An expensive Russian
A while ago I saw in an auction of Raritan stamps, a famous auctioneering firm that has a lot of Russian issues in its programme, from Zemstvos to the independent republics, a block with the motorcycle stamp from 1948 (MFN catalogue no. 5) on offer. Upset price not less than 725,- US$. And despite this looking as an ordinary block.
Although erroneous amounts are printed in catalogues more than once, I still was curious and therefore I went back to the site when the auction was finished, to see the result. The lot had been sold for...... the amazing amount of 1050,- US$:
1948, Motorcyclist, 20k slate blue, raster square, reprint of 1955, block of four, full OG, NH, VF and rare printing variety in multiple
Raritan Stamps Inc. Stamp Auction #51
Closing: Dec 2 - Dec 3, 2011
Bid Info: Price: $725.00 Sold For: $1050.00
At that moment my curiousity started to grow, and I decided to search for more information on this item. Realize that philatelists that pay such an amount of money for a few stamps in general know what they are doing.
First I took my friend the Michel catalogue, but there I did not find any clues that justify this exorbitant price. I only learned there that the issue of September 15th was the first of 2 sports issues in that year, and that there are also horizontal pairs of our stamp that are listed for 1000,- euro. Of the motorcross stamp 1 million pieces have been printed for this issue.

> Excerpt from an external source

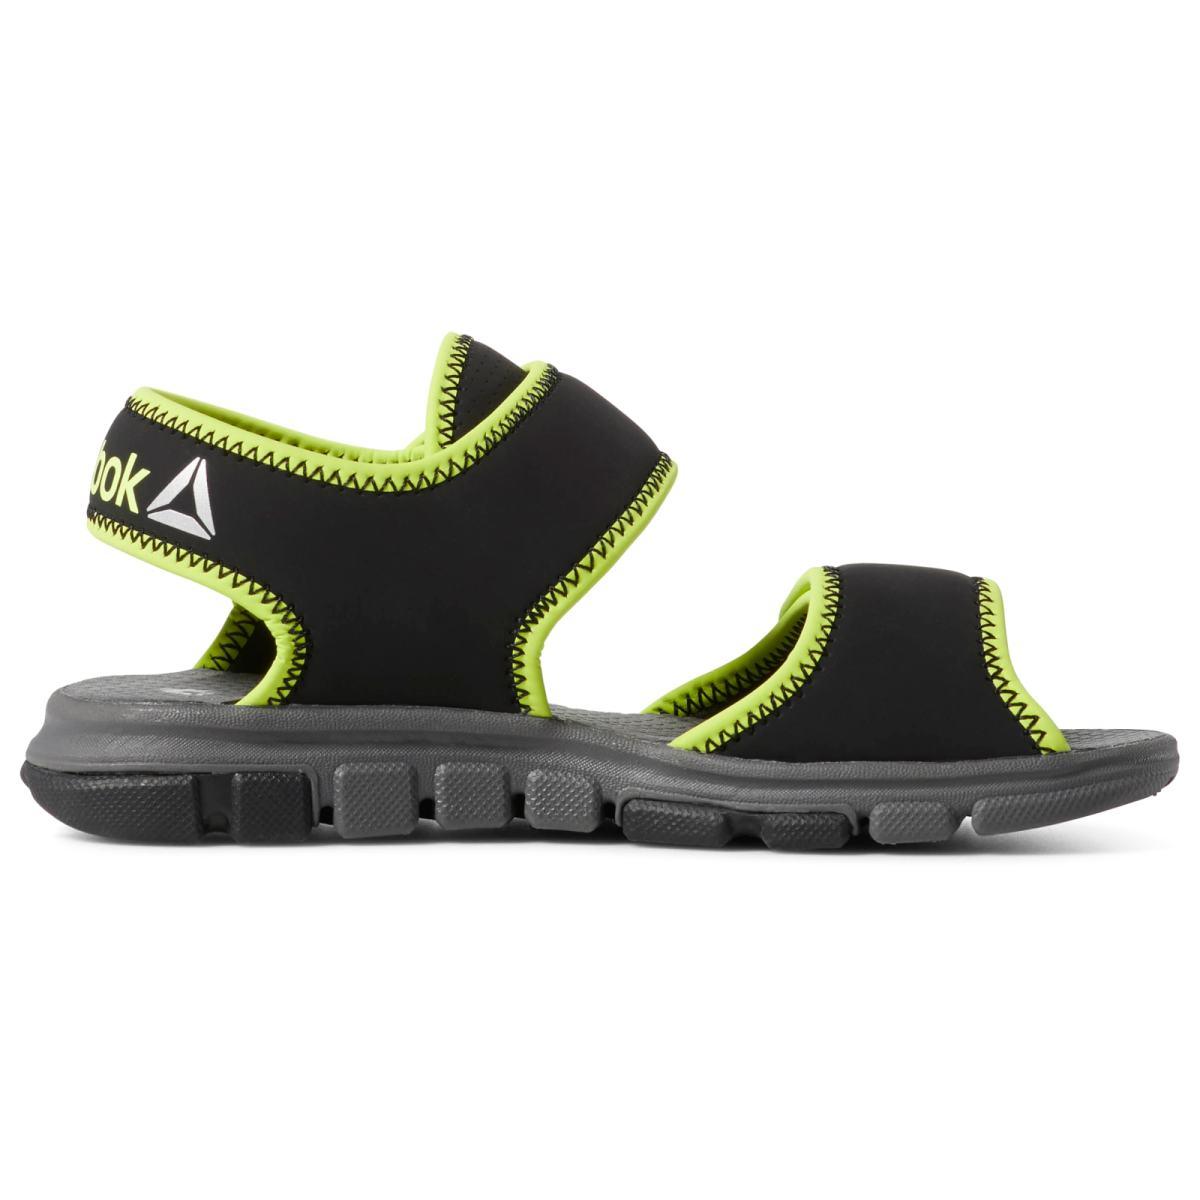 Wave_Glider_III_Sandals_Black_CN8609_03_standard

In the description in the auction catalogue is spoken about "raster square", so I started to Google on this. Surprisingly this immediately dellivered an offer on Ebay of a stamp with the optical announcement "Raster Square" and KB.
But this one cost less than 10,- US$. But OK, I bought it as research material. The seller could not give me any further information, and the search was continued. On internet there are different sites where phila-Sherlocks like me can look, and I started at Linns.com. Soon I found under the heading "Reprint" an explanation. According to U.P.U. rules stamps that have already been issued may be reprinted, if announced to the U.P.U. and if they have some significant difference compared to the original issue. And as example the stamps from the Sovjet period are mentioned, in which the raster form differed from the originals. As explanation for the reprint another Sherlock-site, of Joseph Luft, writes that the demand for stamps from that period had grown so much that there was a big shortage of them. Therefore reprints were made of many stamps by the original printer, the Sovjet state printer Goznak (Гознак in Russian, an abbreviation of Государственный знак, Gosoedarstvenny znak, or the National Mint).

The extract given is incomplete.